摘要
1) 一句话总结
有效利用AI的核心不在于盲目追求“AI Agent(智能体)”概念,而在于回归第一性原理,设计出能充分发挥AI优势的“AI友好型工作流”。
2) 关键要点
- Agent并非银弹:吴恩达提出的多智能体翻译(直译、审查、意译)能提升质量,本质上是利用了“思维链(CoT)”将复杂推理拆解,而非Agent概念本身的功劳。
- 避免过度拟人化:不要将人类解决问题的方法生搬硬套给AI(例如试图让AI模仿产品经理、架构师、测试员等人类团队分工),而应采用适合AI的模式(如GitHub Copilot的辅助生成模式)。
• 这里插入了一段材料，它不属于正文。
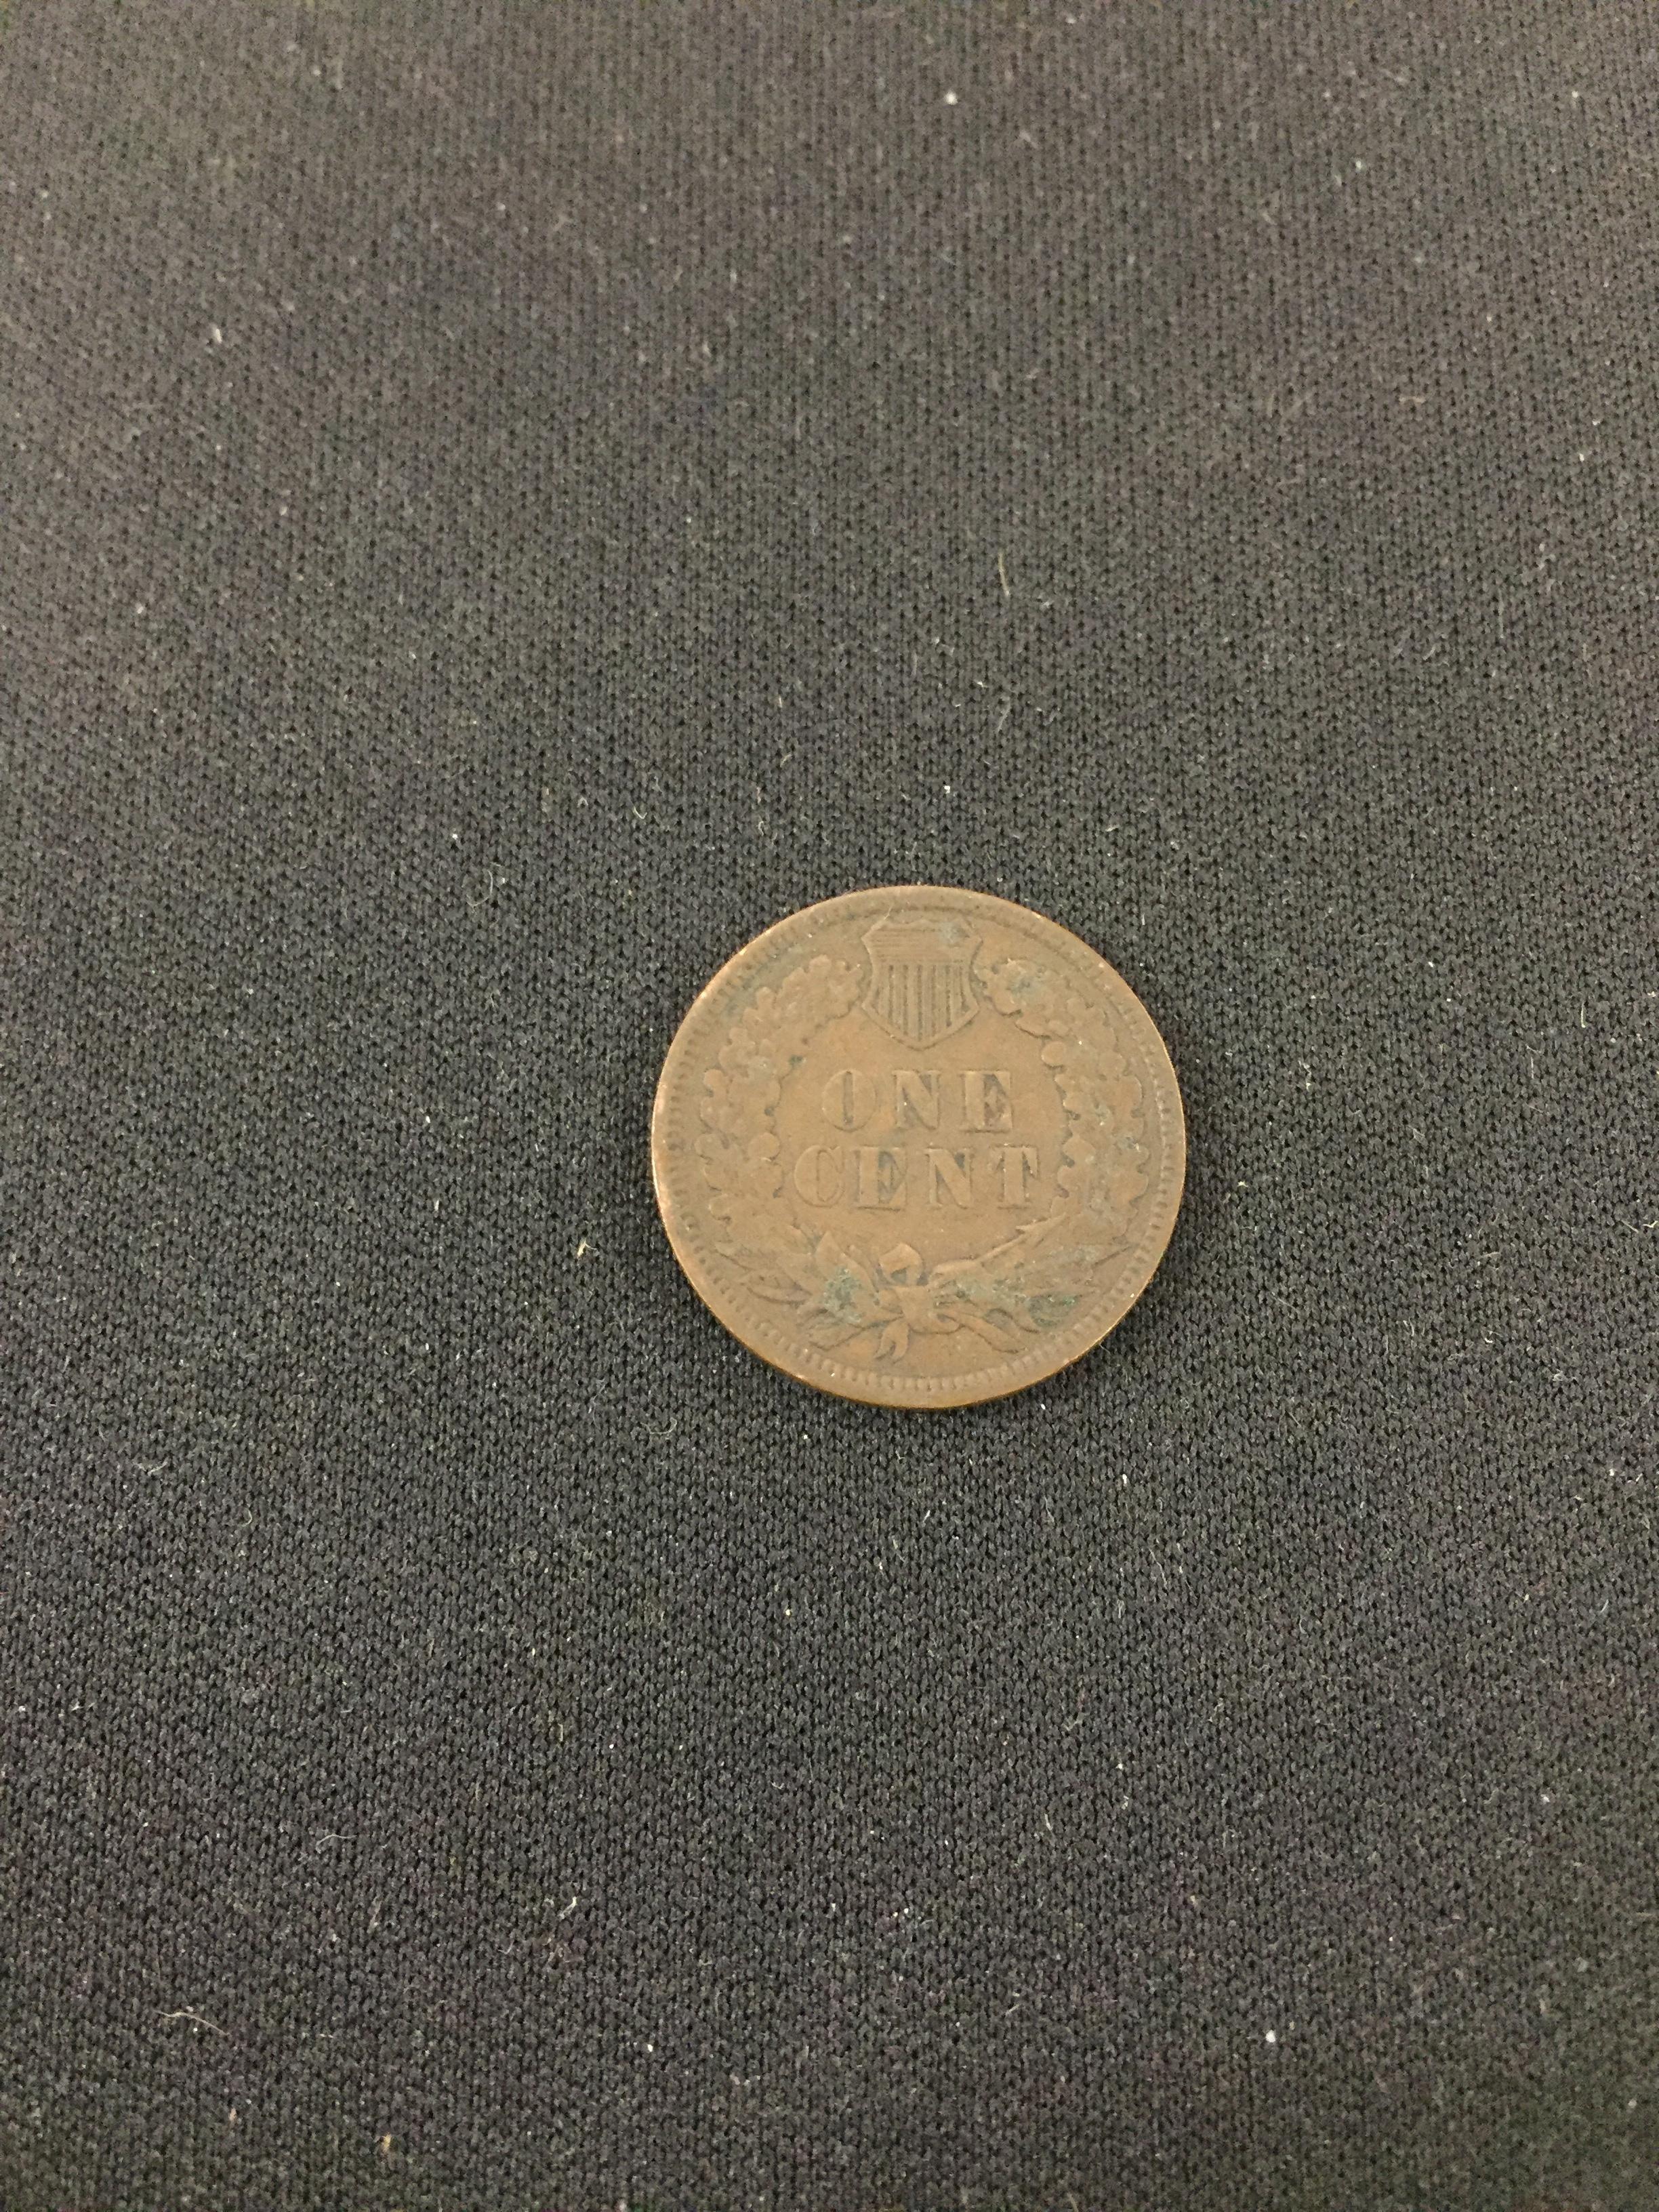 1892 United States Indian Head Penny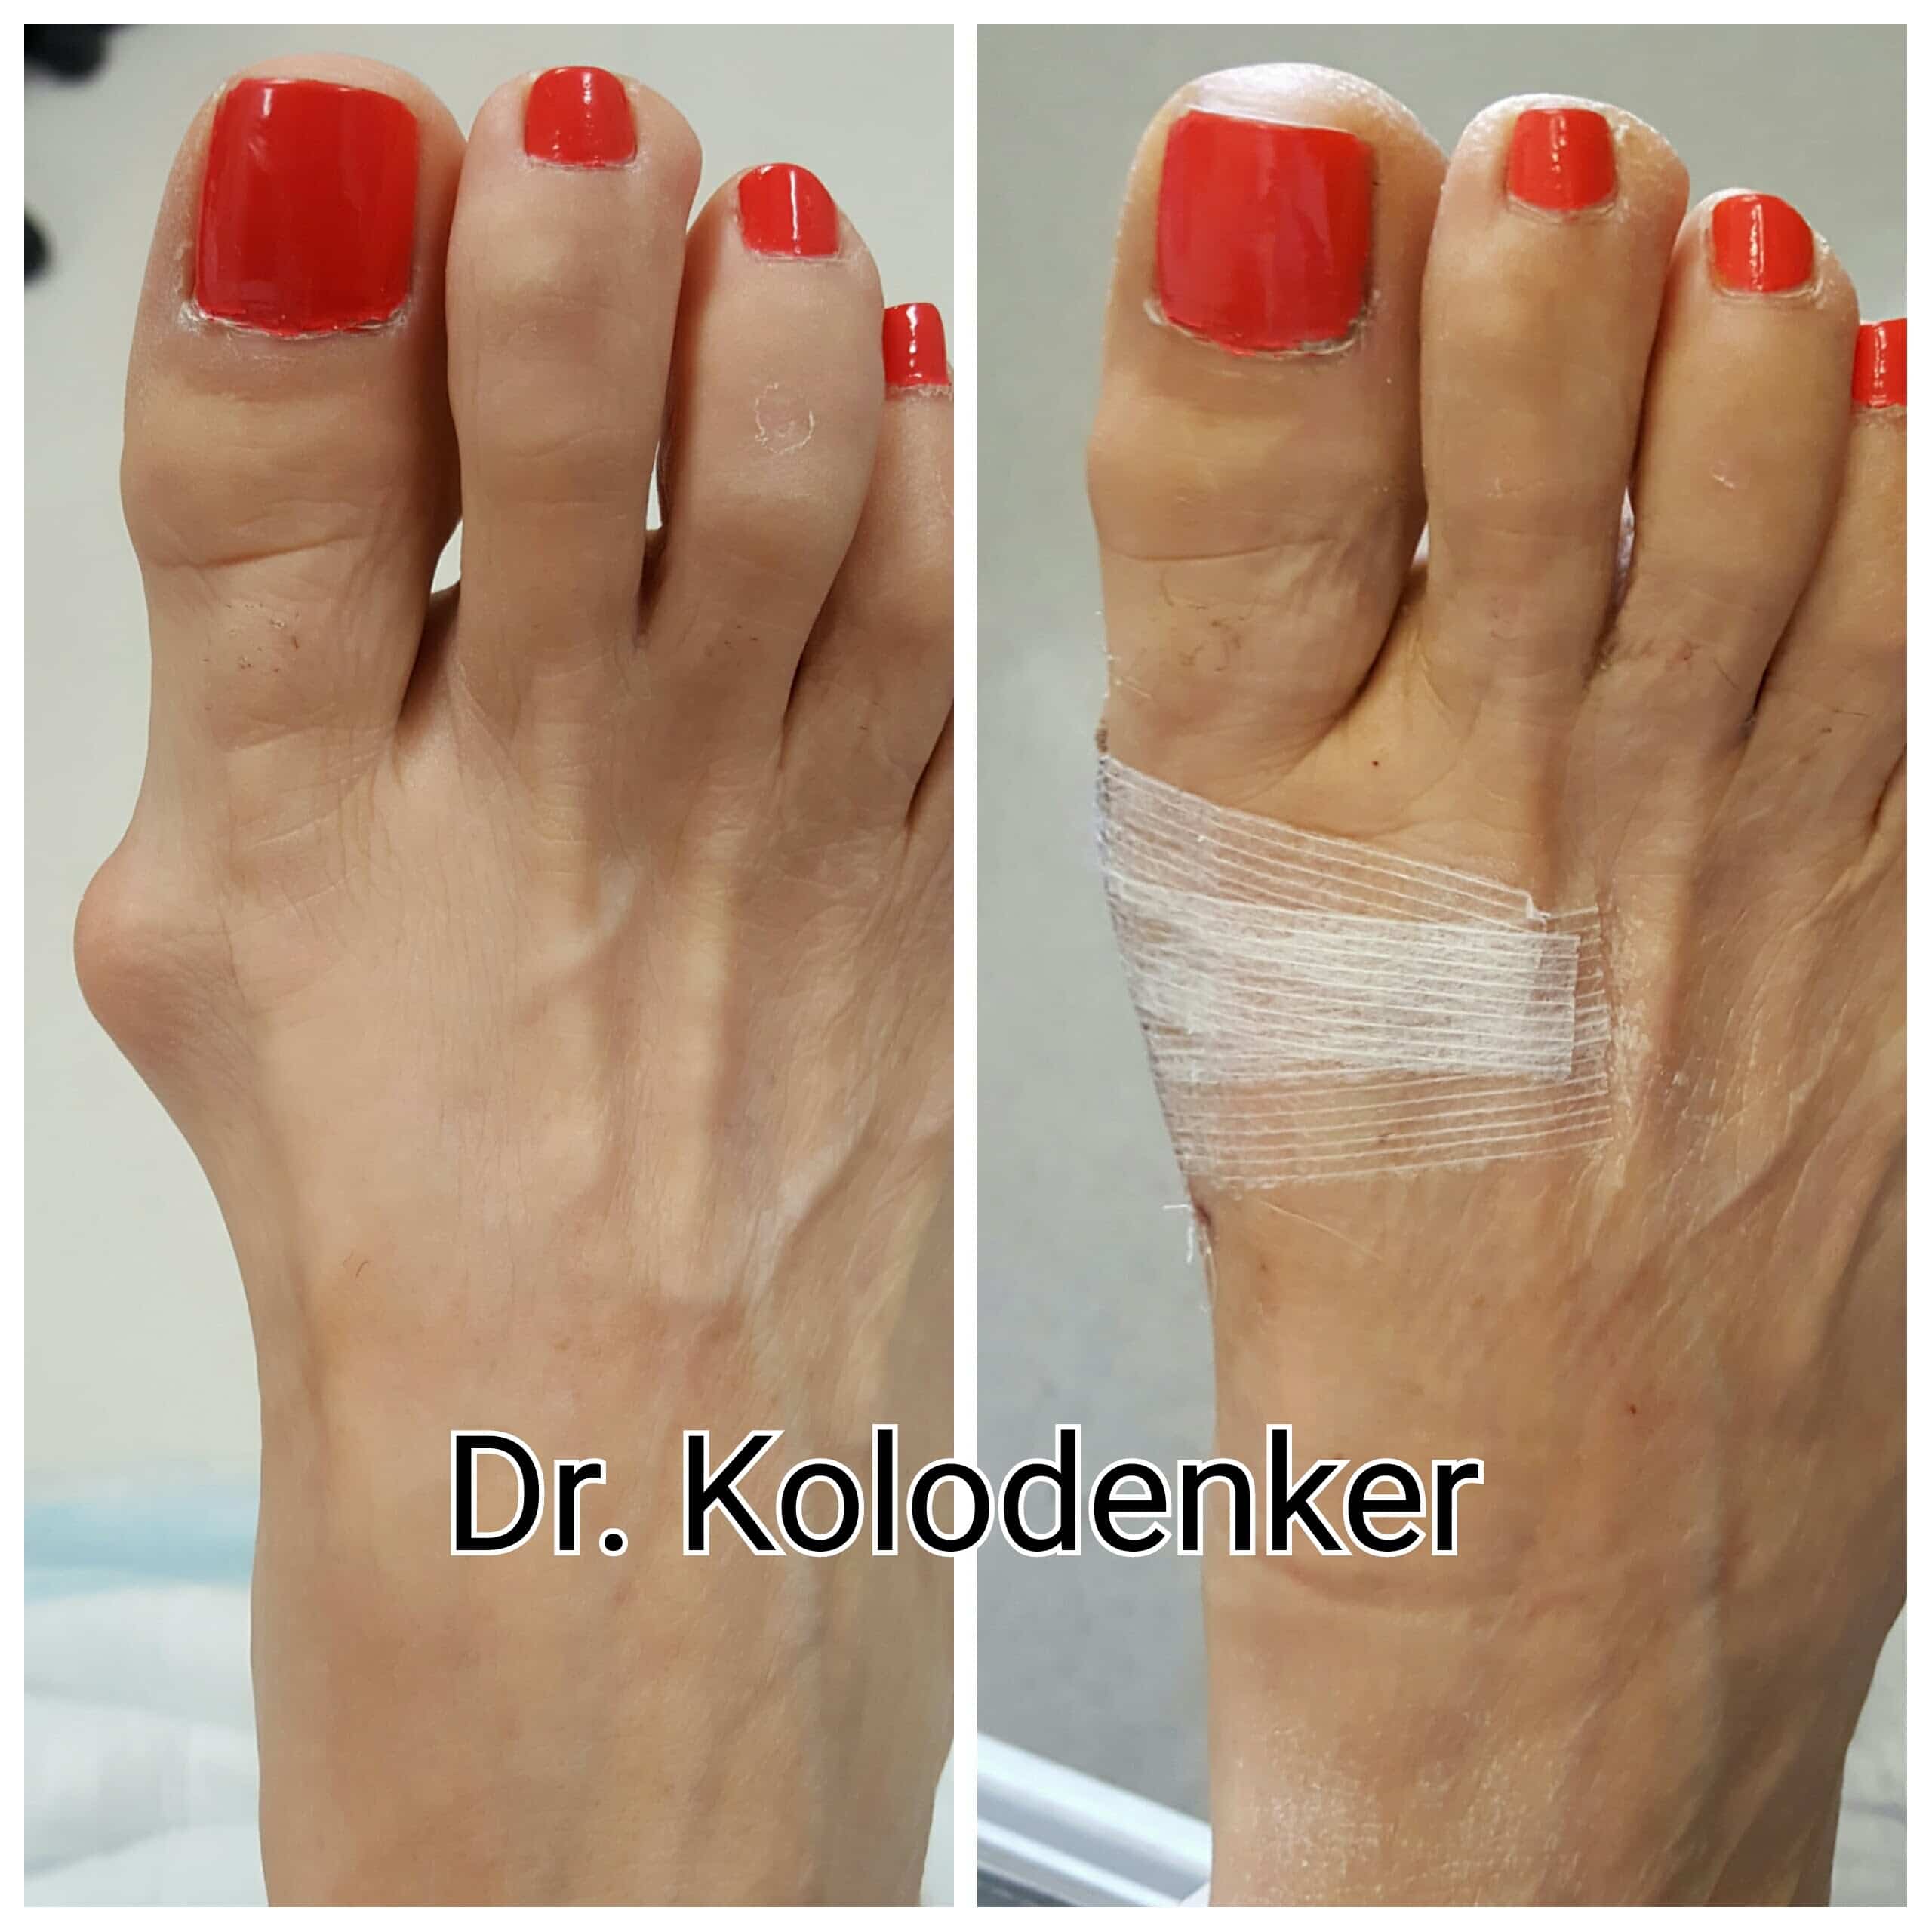 Before and After Bunion Surgery Pictures.

- AI定位为辅助而非决策者:当前主流且有效的模式是将AI作为“副驾(Copilot)”,或让AI处理边界清晰的具体任务(如抓取评论、情感分析、草拟回复),而非让其主导开放性任务。
- 跨领域工具结合:不要过度依赖单一的大语言模型(LLM),应将LLM与其他领域的专业AI模型或外部工具结合使用。
- 运用第一性原理:将AI视为工具,明确核心问题,拆解基本要素,从零构建最适合的解决方案。
- 成功案例1(PDF转Markdown):PDFGPT项目通过工作流结合了PyMuPDF(提取图表并用红框标记)与GPT-4的视觉能力,成功解决了PDF结构化提取的难题。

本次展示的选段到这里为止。